Introduction

Kinases are among the most crucial enzymes found in all living organisms. They facilitate phosphorylation reactions, transferring phosphate groups from high-energy compounds like ATP to specific target molecules. Within the PKL superfamily, best known are protein kinases responsible for phosphorylating proteins [1]. Additionally, in the PKL superfamily there are small molecule kinases whose substrates include antibiotics and sugars [2], as well as lipid kinases that target membrane lipids like phospholipids and sphingolipids [3,4,5].

PKL proteins play critical roles in various biological processes, including cell growth, differentiation, and apoptosis. Dysregulation of these proteins can contribute to the development of numerous diseases, including tumorigenesis [6]. Moreover, PKL proteins can act as promoters of antibiotic resistance [2], aid pathogen survival within host cells [5, 7], and serve as effectors influencing cellular processes in affected cells [8]. Consequently, blocking their activity through various types of inhibitors can be crucial in preventing diseases, infections, and treating cancer [9] providing alternative treatments.
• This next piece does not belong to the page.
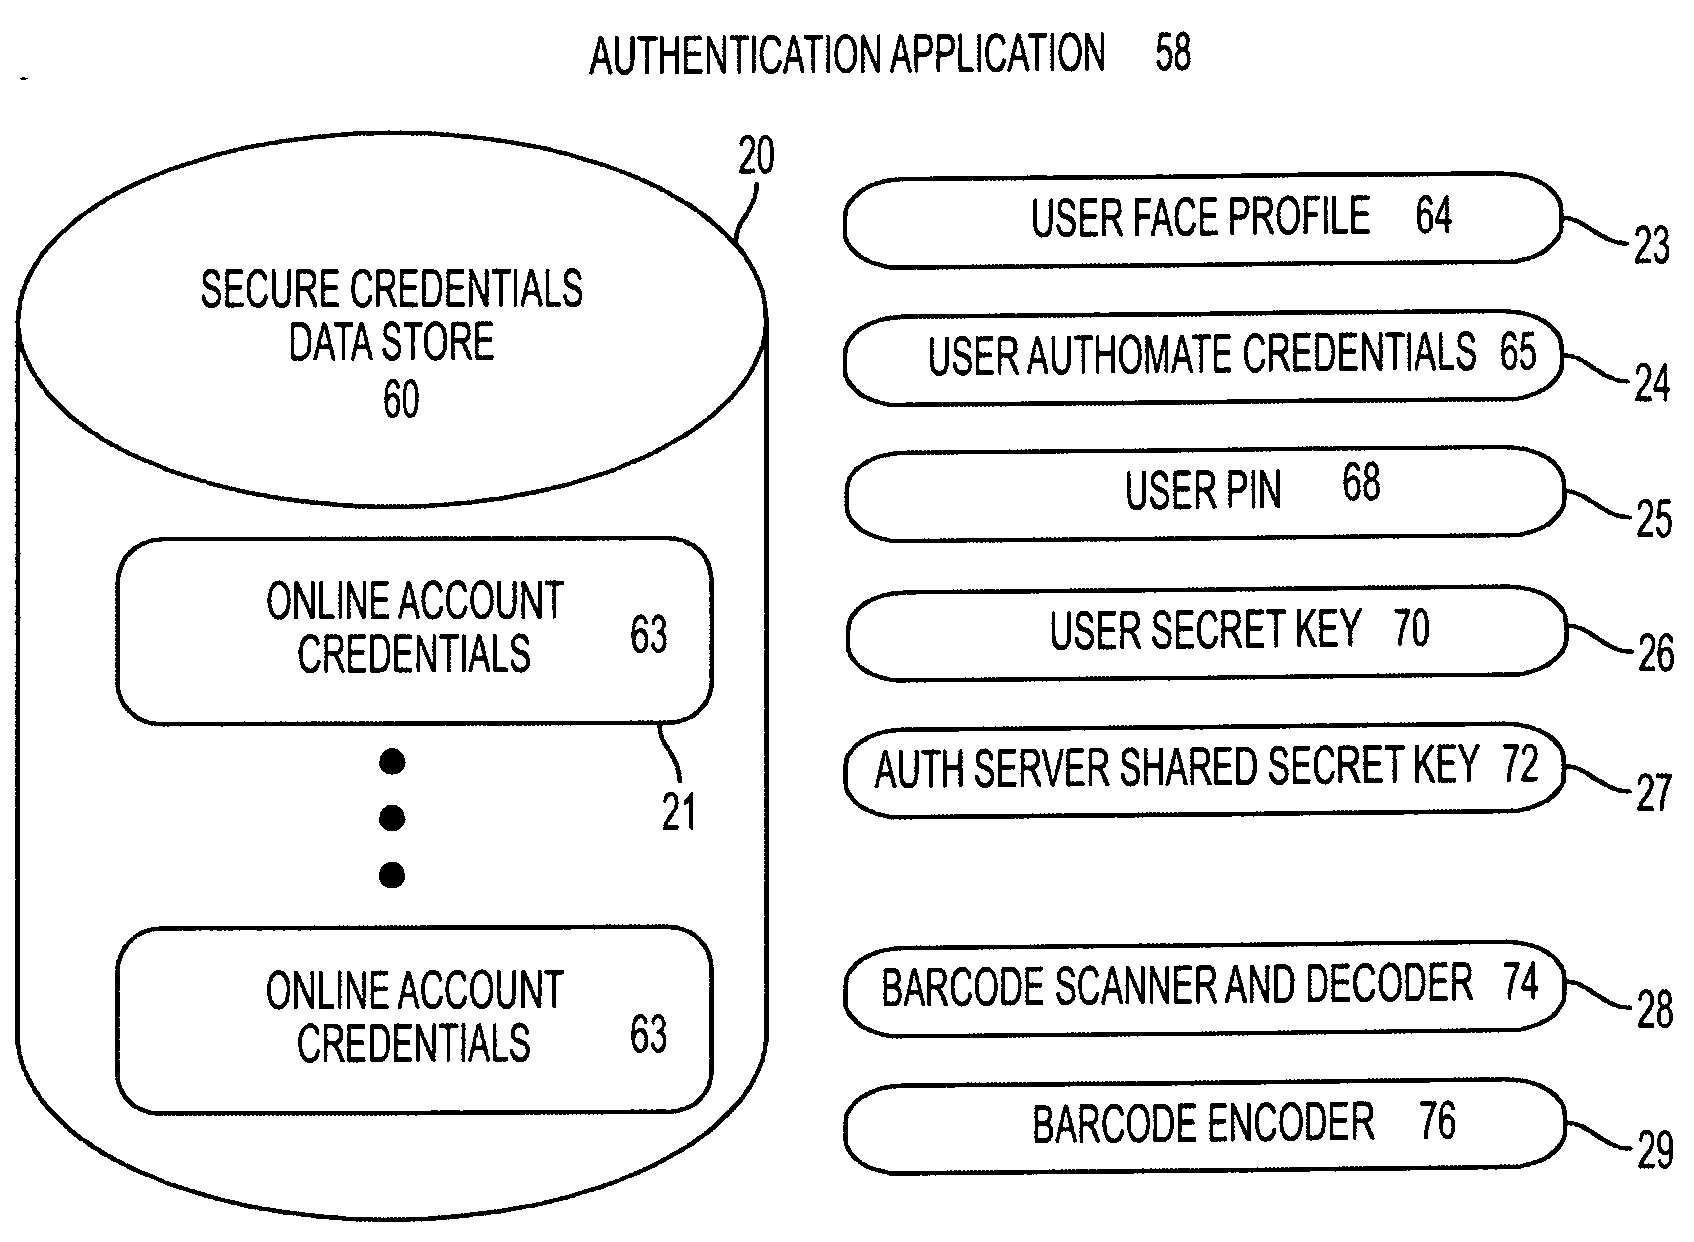 System, design and process for easy to use credentials management for online accounts using out-of-band authentication

Pseudokinases were initially considered to be non-functional relatives of protein kinases that lost their enzymatic activity due to mutations [10, 11]. However, recent studies have revealed that pseudokinases can exhibit alternative enzymatic activities. For example, the coronavirus NiRAN pseudokinase domain transfers nascent RNA to GDP, using an RNA–protein intermediate, and ultimately forming the core RNA cap structure: GpppA-RNA [12]. The SelO pseudokinase performs AMPylation of proteins involved in redox homeostasis [13]. The bacterial pseudokinase effector SidJ polyglutamylates SidE effectors, blocking their activity which consists of phosphoribosyl ubiquitination of host Rab GTPases to evade phagocytosis [14], thus modulating the effect on the host cell. Pseudokinases can also serve as allosteric regulators of protein kinases, influencing their activity [15] or stasis for other proteins (for example as part of the secretion system of bacteria) [16].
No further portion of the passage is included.